What you have to do:
Could you repeat the entries below exactly, but only from the line with "Perceeloppervlakte Marconistraat 14" through the line with "Narcisse blanc sur l'herbe dans un jardin", and without any picture?

Recorded information:

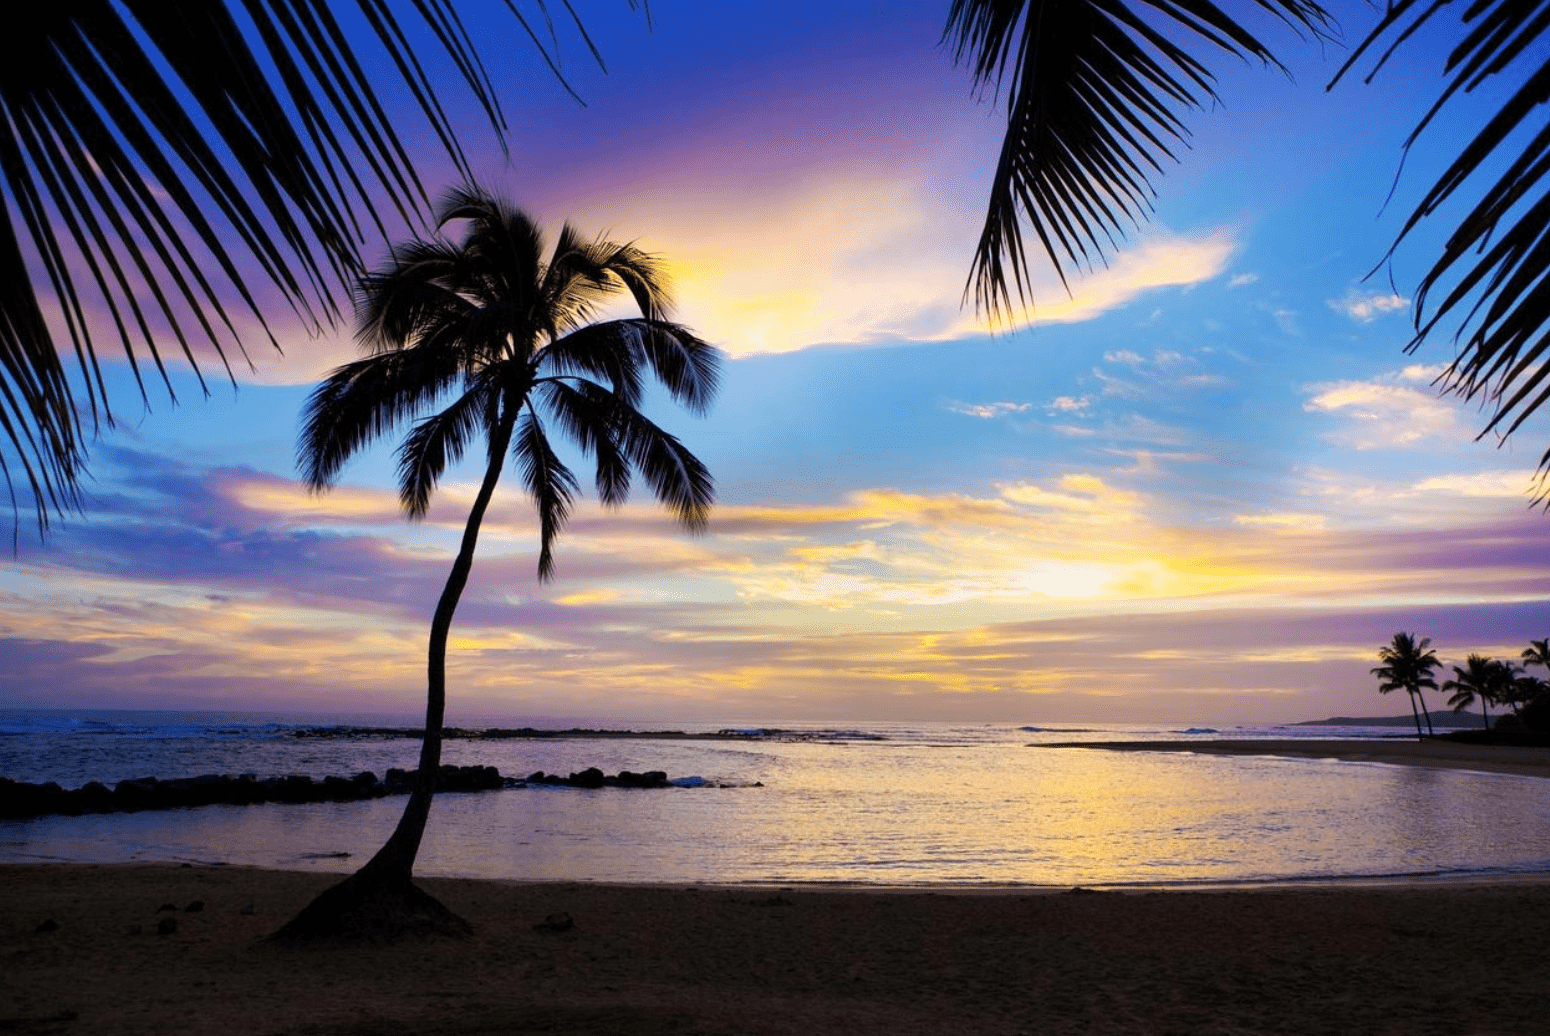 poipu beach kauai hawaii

---

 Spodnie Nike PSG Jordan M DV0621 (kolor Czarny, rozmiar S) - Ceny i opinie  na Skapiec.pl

...

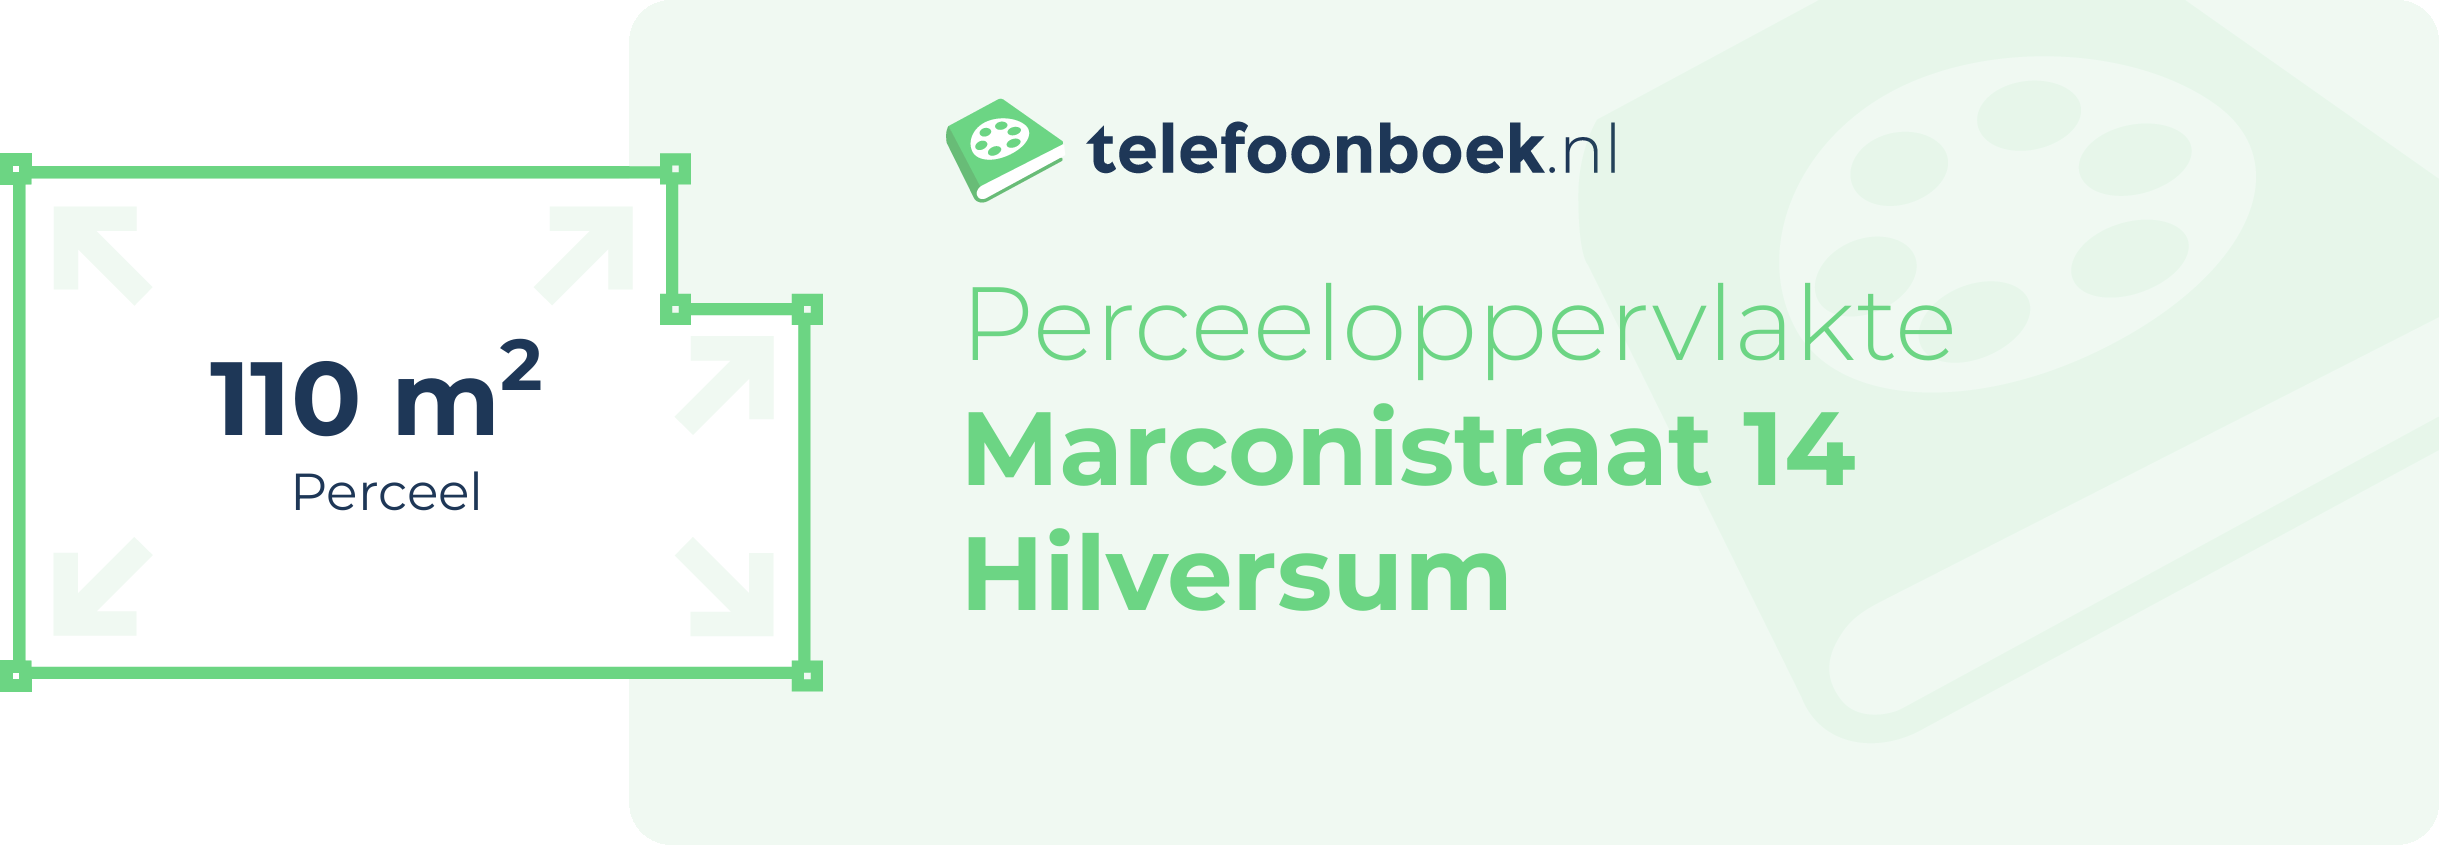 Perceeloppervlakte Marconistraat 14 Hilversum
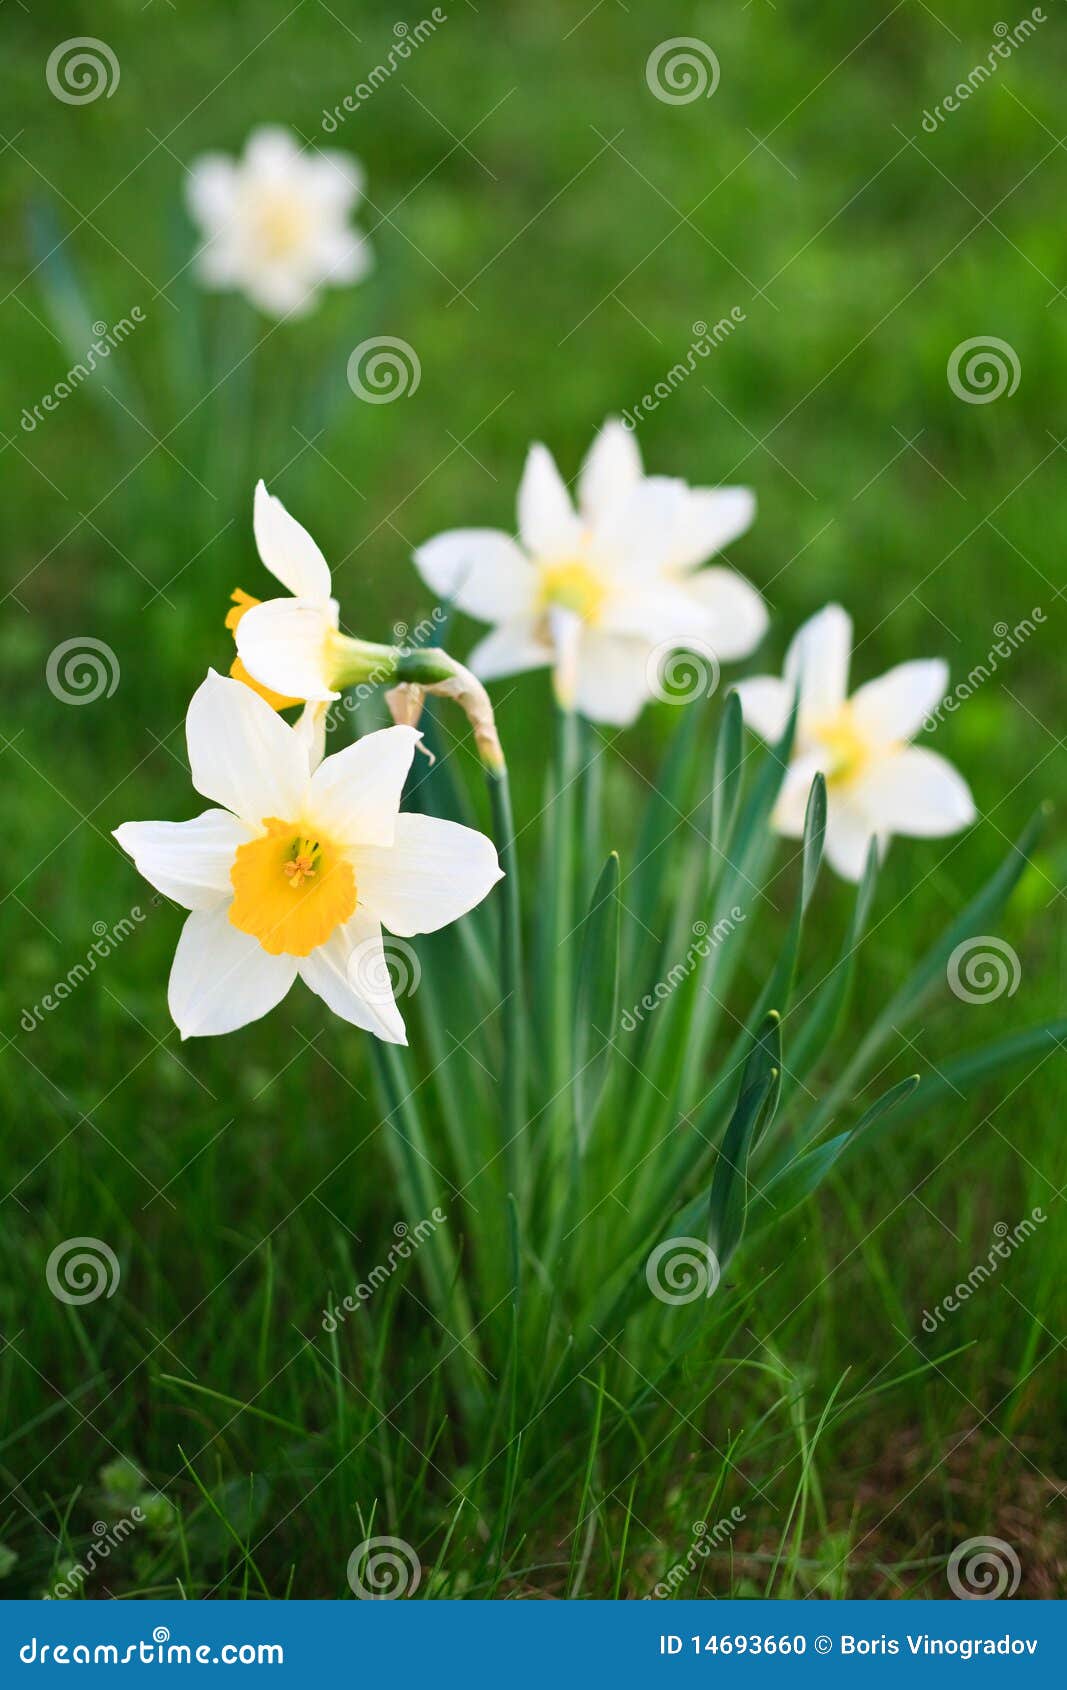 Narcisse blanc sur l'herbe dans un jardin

Written response:
 Perceeloppervlakte Marconistraat 14 Hilversum
 Narcisse blanc sur l'herbe dans un jardin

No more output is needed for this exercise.